Piero despierta agitado después de huir de otra pesadilla, aunque el sudor se encuentra en todo su cuerpo y empapa las sabanas de su cama, el joven se levanta impasible ignorando las pesadas visiones que le acaban de atormentar igual que cada noche, algo que ya se ha hecho parte de su rutina desde muy niño.

Camina lento hasta el otro lado del cuarto, sopesando cada paso hasta llegar frente al espejo que cuelga encima de un cuenco con agua limpia dispuesto a lavarse el rostro. Piero no puede evitar detallar su rostro en el espejo con algo de nostalgia, si bien ha tenido unas marcadas ojeras desde una corta edad consecuencia de sus noches de insomnio, ahora cuenta con una mirada oscura y profunda que rodea sus ojos de color marrón. Su piel es trigueña, víctima del sol y el viento, su nariz es algo ancha y con forma aguileña, mientras que sus labios son delgados y apretados en una expresión tensa. Tiene cejas gruesas y arqueadas, que le dan una mirada seria y concentrada. Su mandíbula es firme y bien definida, y su cabello es corto y oscuro, con un flequillo en rizo que cae sobre su frente.

Para cuando Piero termina de limpiarse, el sol ya está iluminando el humilde cuarto a través de la única ventana del sitio, el joven soldado reposa el cuerpo contra el marco de la ventana recibiendo el aire caliente de la mañana, frente a él se extiende la enorme ciudad de Capital Rex.

La ciudad es majestuosa ante sus ojos. Aun cuando ya había estado aquí hace unos años y llevaba ya varias semanas viviendo aquí, cada mañana se impresionaba viendo los arcos gigantes de piedra que se mueven incluso por encima de los edificios más altos. La antigua y emblemática ciudad de Capital Rex se encontraba en la mitad de tres anillos concéntricos que formaban un preciso giroscopio, los distritos que fueron construidos con el tiempo se ubicaron al rededor del corazón de este, dividido por los canales circulares donde los anillos debía cruzar en su lento recorrido.

Los distritos fuera del anillo interior habían sido creados por los refugiados de los continentes de Rabbat y Mahalios, personas que habían llegado a la capital luego de que las antiguas colonias que ostentaba Capital Rex cayeran ante las revueltas y la posterior constitución de naciones independientes. Estos distritos se componen por edificios de piedra y mármol cuidadosamente tallados por los mejores artistas y artesanos de todas partes del mundo, un testimonio de las muchas culturas y tradiciones que llegaron a ser conquistadas durante los más de tres mil años de historia de Capital Rex.

Desde el cuarto de Piero, el eje del anillo exterior es visible unas calles más abajo, es el más grande de los tres y también el más lento.

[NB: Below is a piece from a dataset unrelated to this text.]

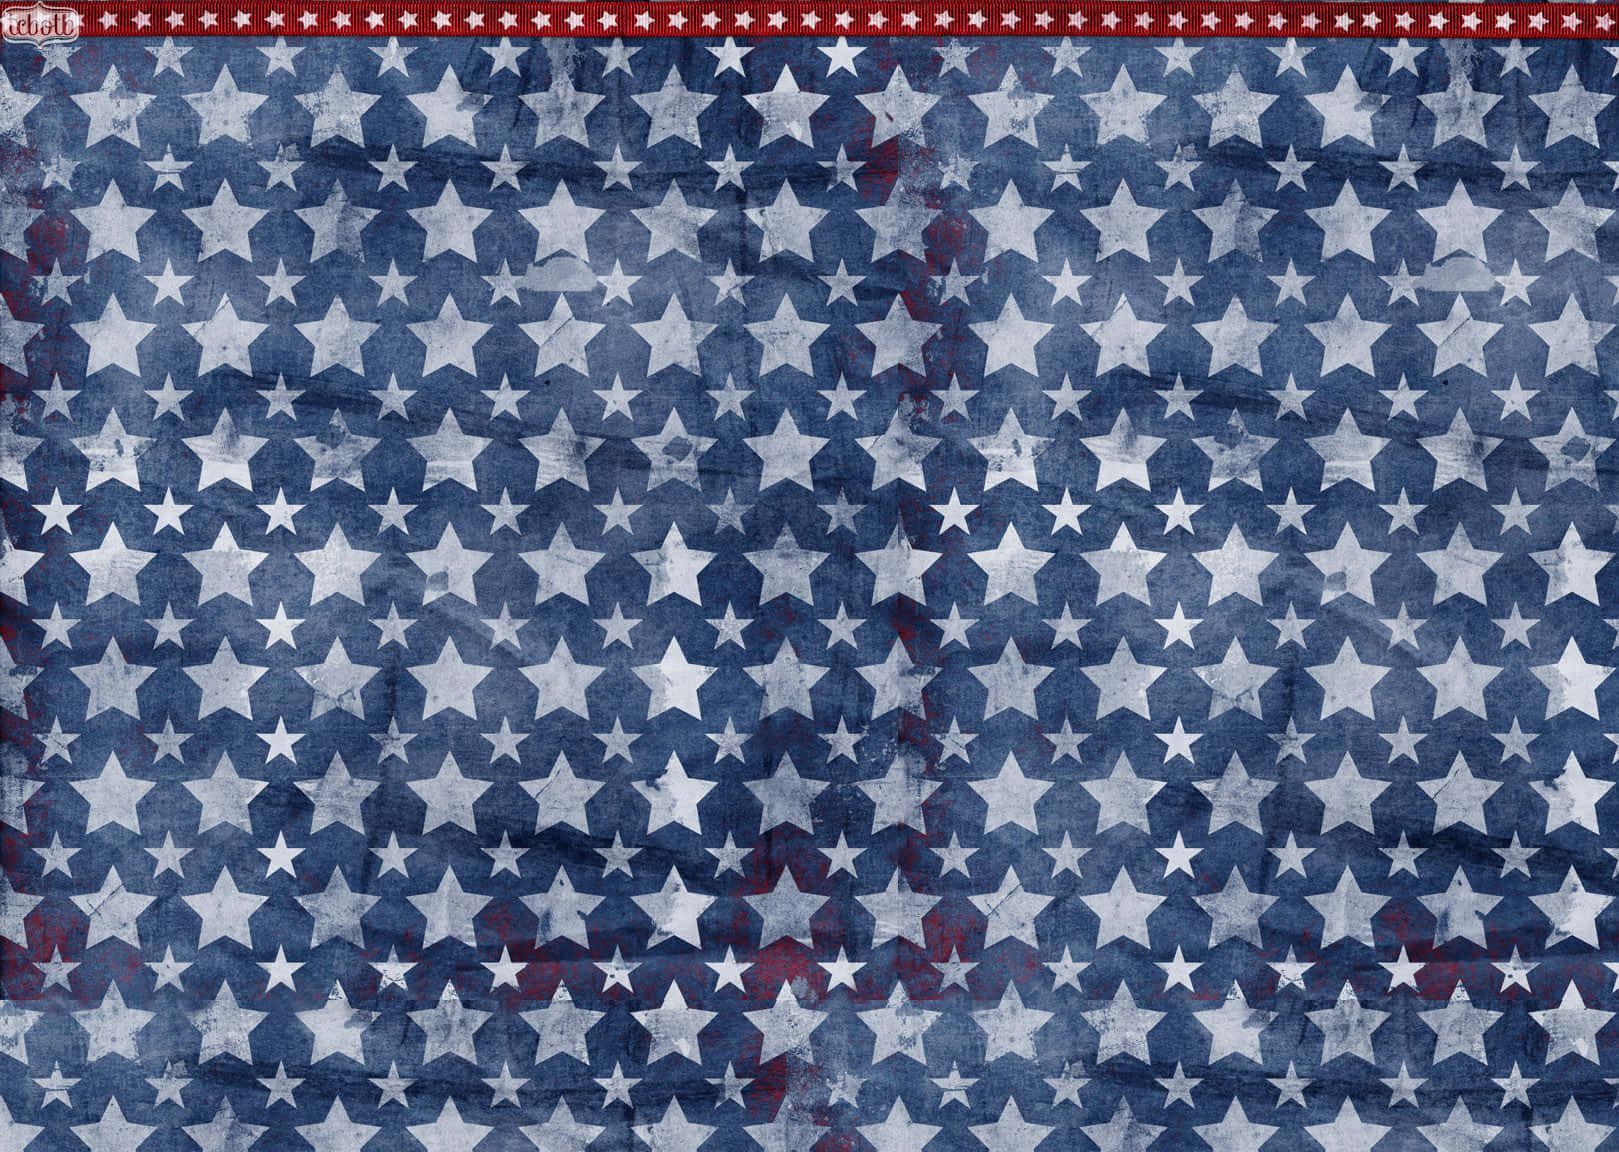 Show your patriotic spirit with a cute 4th of July background!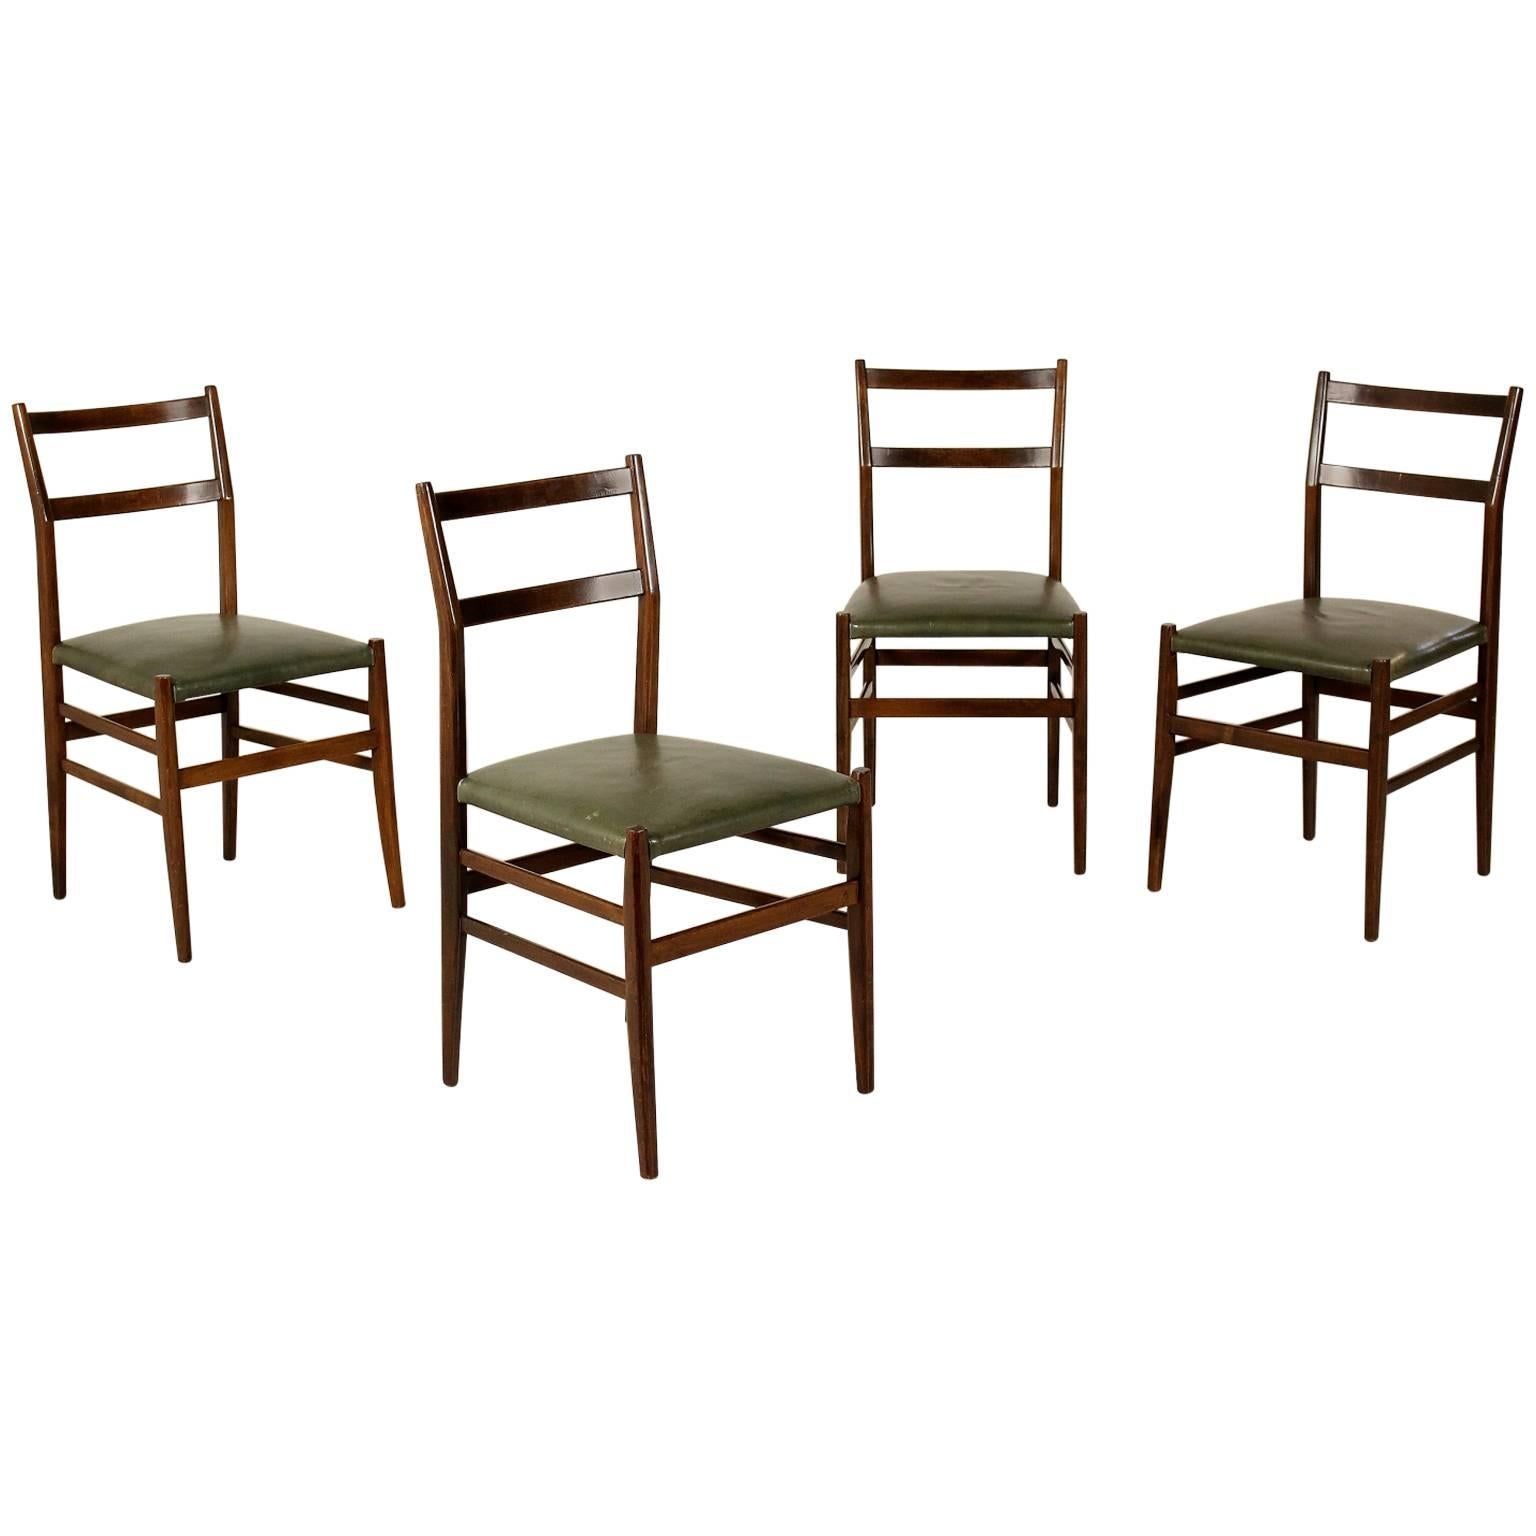 Group Four Chairs by Gio Ponti Stained Ash Wood Leatherette Seat, Italy, 1950s

Además de fungir como frontera periférica de la ciudad, el anillo exterior tenía la función de medir el paso del tiempo, no era una función distinta a los otros dos anillos; sin embargo, su ciclo era de doscientos cincuenta y seis años exactos, con lo que lograba aparentar ser ese enorme arco estático en el cielo creando una larga sobra de punta a punta de la ciudad. Las calles en este distrito estaban llenas de vendedores que ofrecían sus mercancías en las plazas y esquinas, así como ciudadanos que se apresuraban temprano en la mañana hacia sus trabajos en el centro de la ciudad. Las plazas eran amplias y hermosas, llegaban a recordarle a las plazas en las ciudades de las islas grises en el sur del mundo, lugar donde había nacido, pero sin el emblemático árbol que decoraba cada una de ellas. Estas plazas, por el contrario, tenían estatuas de héroes pasados y giroscopios de bronce en el centro como alabanza a la ciudad-dios de Capital Rex según las creencias de los habitantes más antiguos, el dios benevolente que les había otorgado el don de la civilización.

Aunque las islas grises fueron la primera colonia de Capital Rex, fue la última de estas en obtener su independencia. Para los gremios y familias adineradas de las Islas fue un gran logro, pero para los menos importantes en el panorama político representó un cambio abrupto. Muchas personas no tan favorecidas y que aún se consideraban Capitalinos decidieron huir de las islas hacia el norte, sin embargo, la bienvenida en el continente de Prohas no fue tan amable como esperaban, muchos de ellos fueron relegados a los oficios más bajos en la sociedad y, a diferencias de los habitantes de las colonias de otros continentes; no recibieron la bendición de Capital Rex para construir su distrito en la ciudad. Algunos otros habitantes, como la familia de Piero, decidieron permanecer en sus tierras durante muchos años después de la independencia de las islas grises, conservando las creencias en la Ciudad-Dios inculcadas por Capital Rex.

Con la independencia de las islas grises y el restablecimiento de las viejas creencias en el druidismo, el culto a la ciudad-dios paso de ser la norma en las islas grises a convertirse en el blanco de segregación. En aquellos años, Piero no podía comprender las razones que tenían la mayoría de la gente de su ciudad natal para estar en contra de su familia y llego a pensar que era repudiado por su propia apariencia enfermiza.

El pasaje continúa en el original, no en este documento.